WHAT TO PRODUCE. Return the lines of the listing below exactly as they appear, beginning at the one with "A girl is sitting" and stopping after the one with "Brighten your Holidays"; do not include pictures.

INFORMATION GIVEN.
__________________________________________________
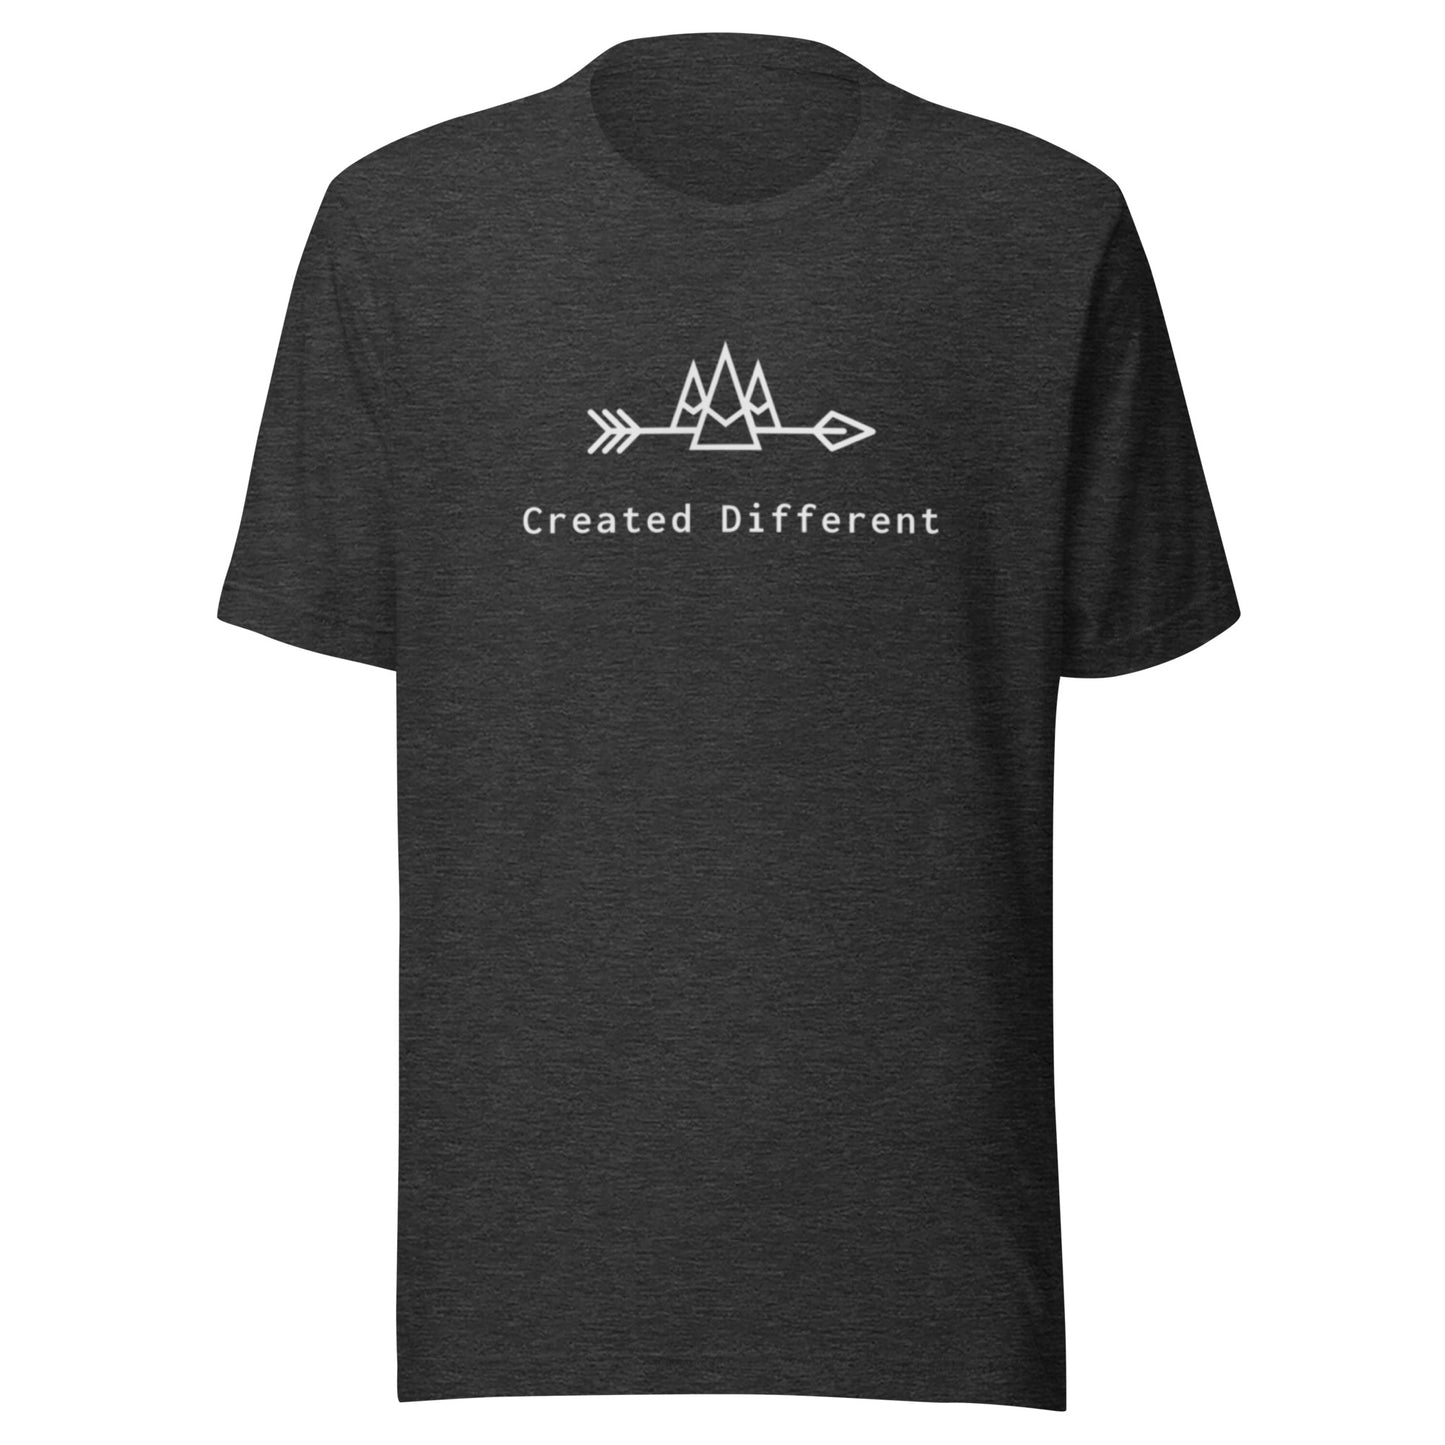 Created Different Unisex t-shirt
__________________________________________________
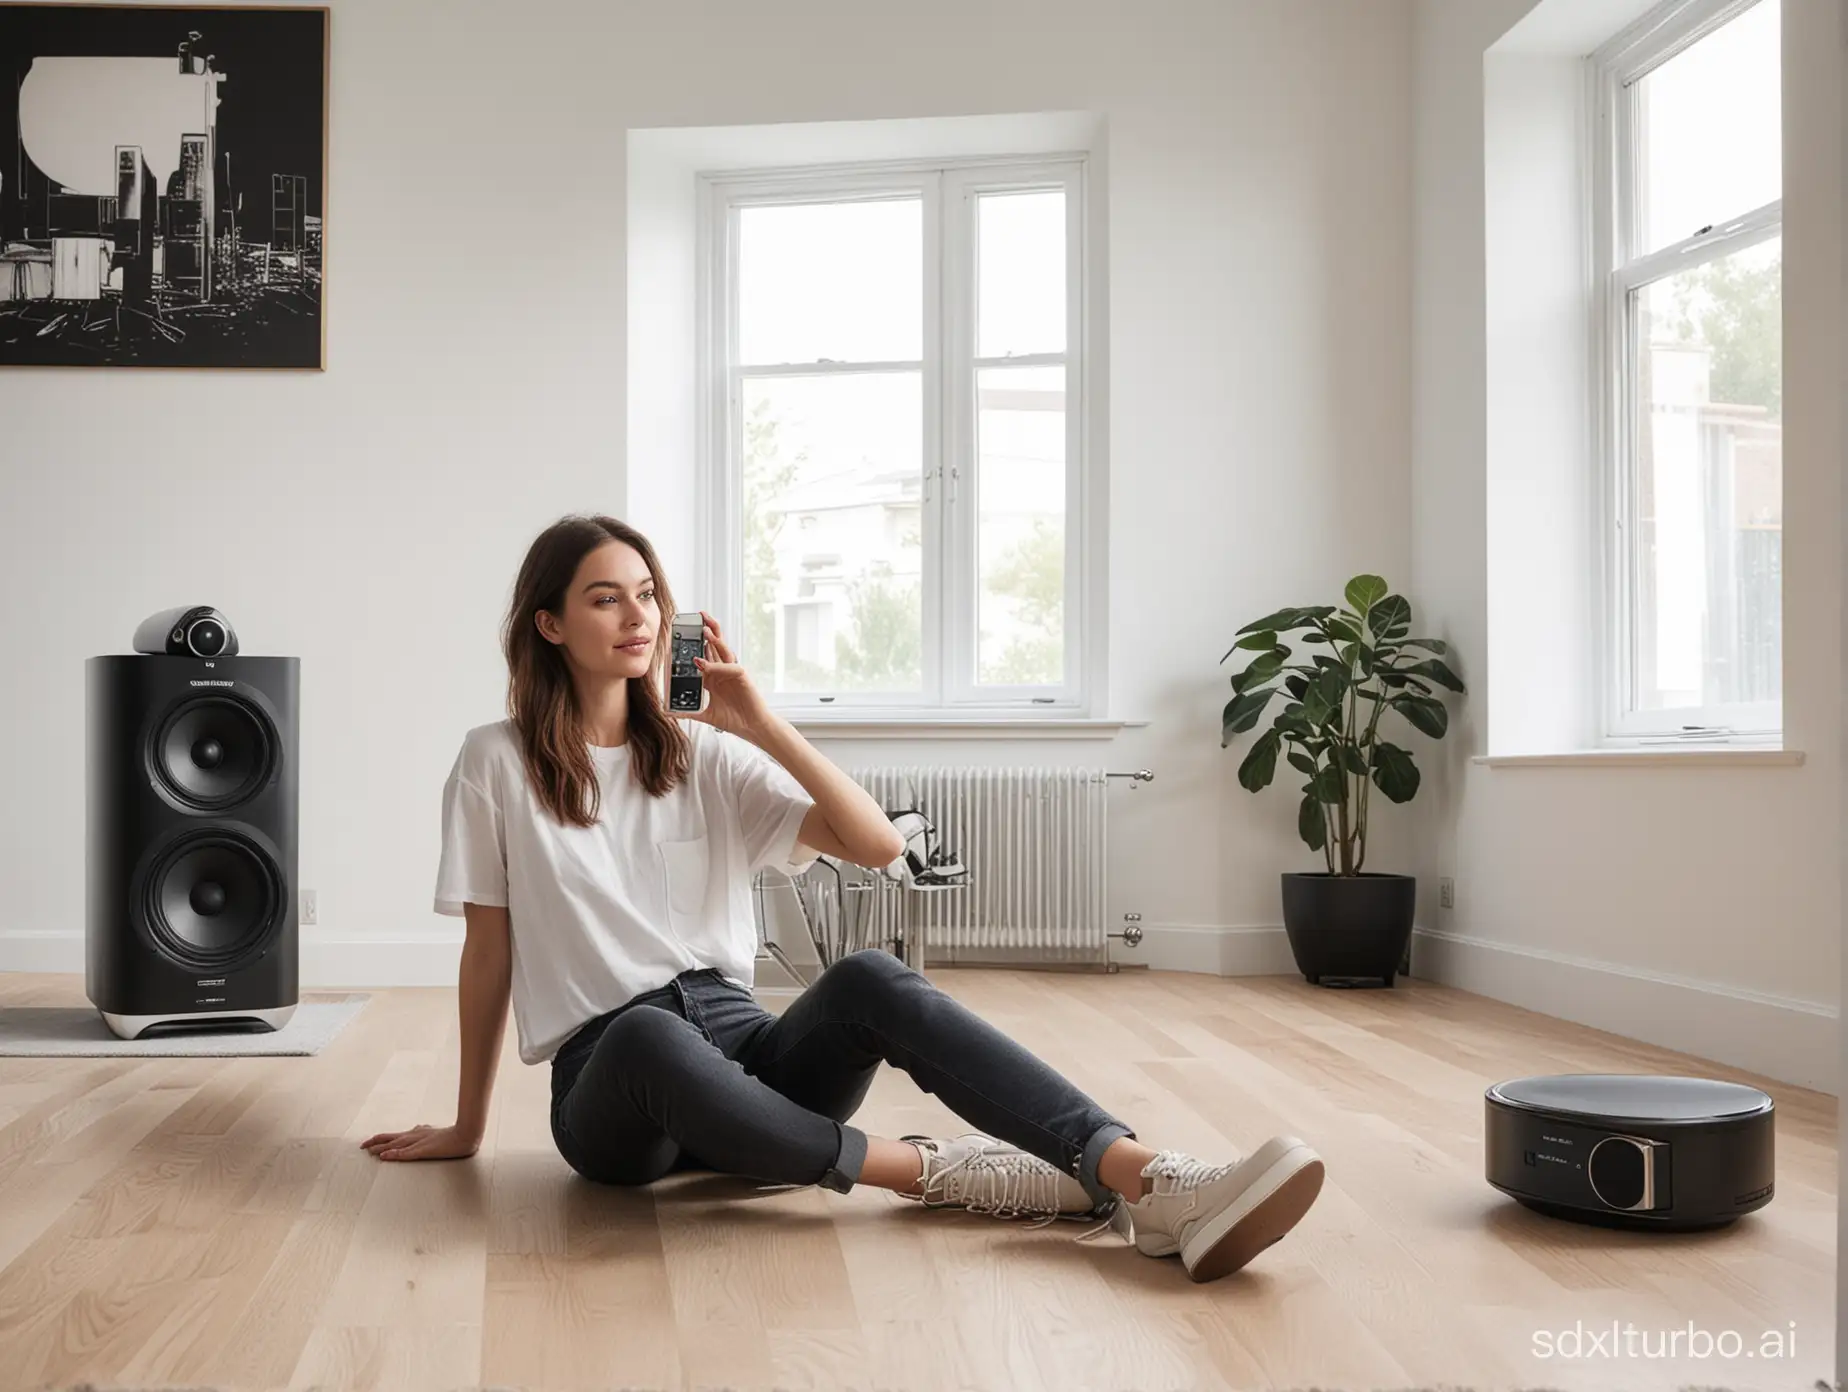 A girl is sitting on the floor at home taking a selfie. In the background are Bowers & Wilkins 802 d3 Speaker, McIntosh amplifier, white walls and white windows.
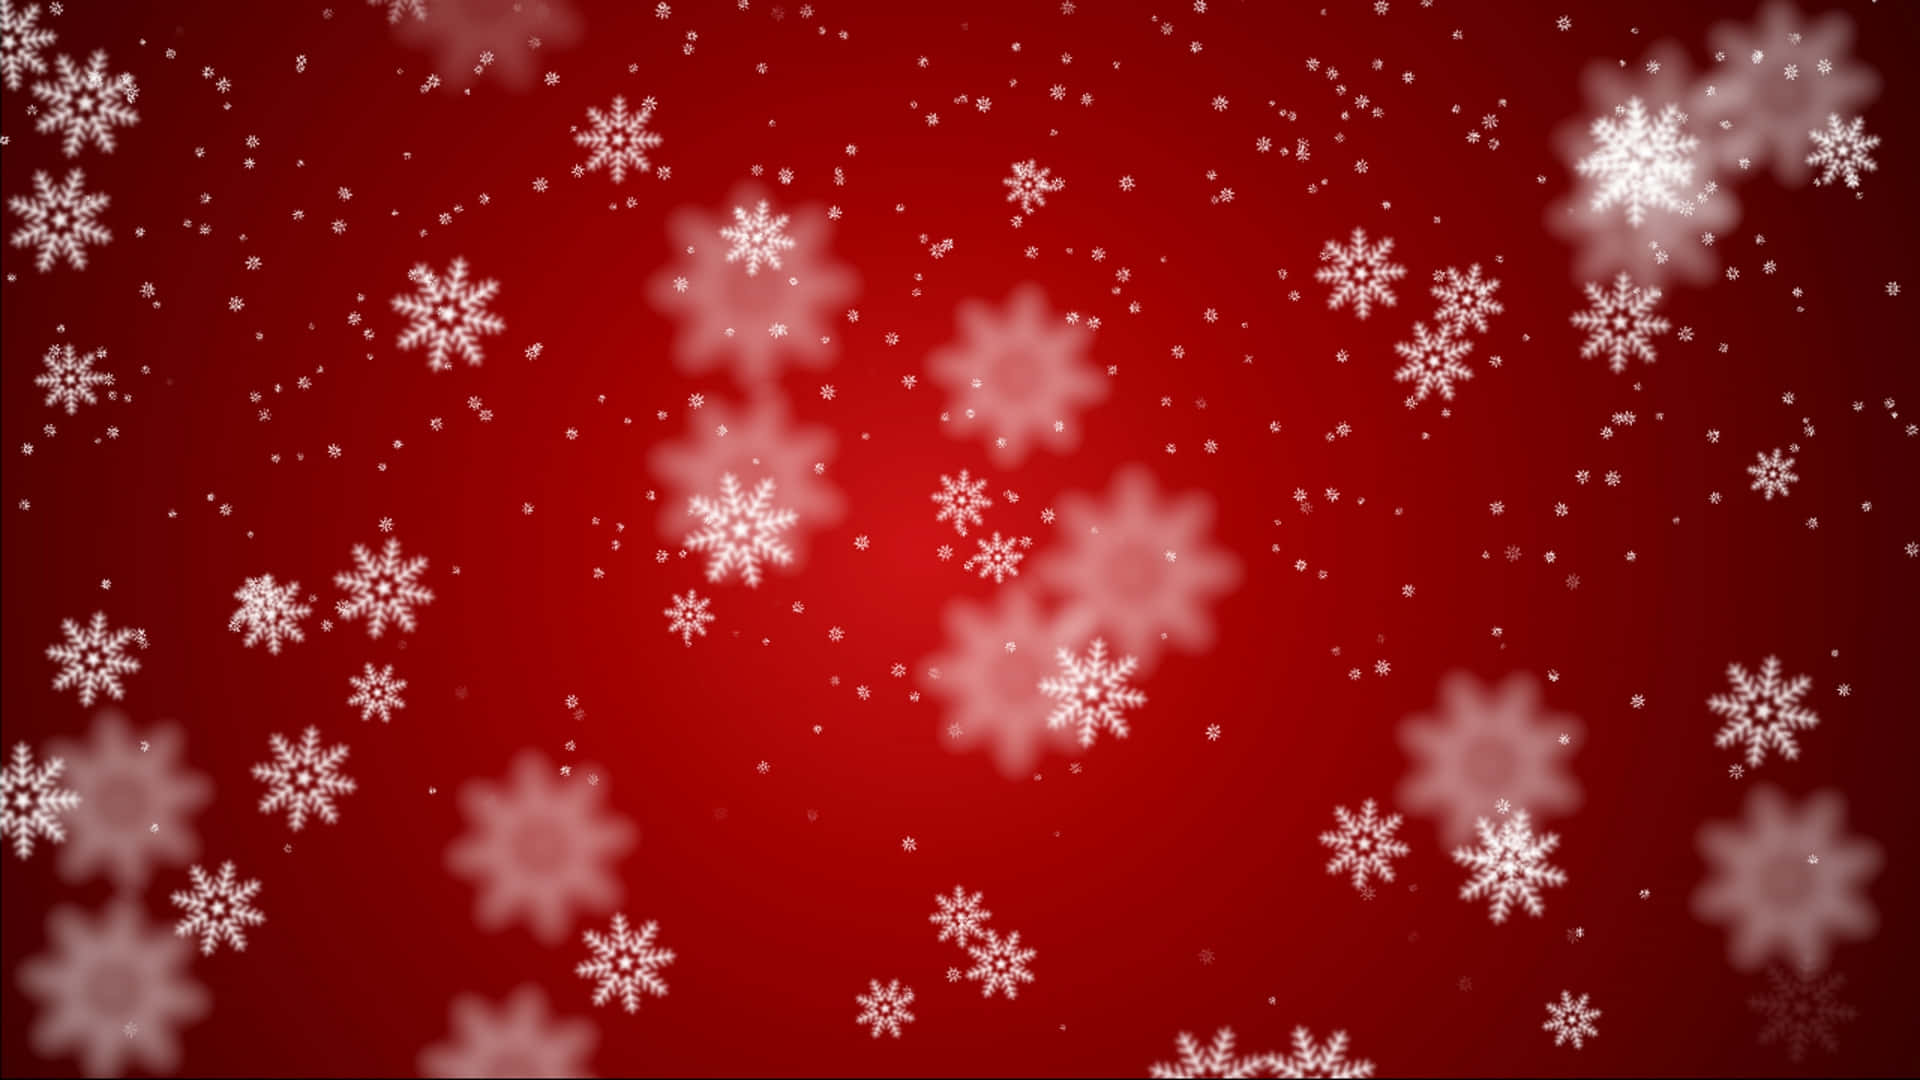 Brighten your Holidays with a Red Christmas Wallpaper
__________________________________________________
WRITTEN SOLUTION.
 A girl is sitting on the floor at home taking a selfie. In the background are Bowers & Wilkins 802 d3 Speaker, McIntosh amplifier, white walls and white windows.
 Brighten your Holidays with a Red Christmas Wallpaper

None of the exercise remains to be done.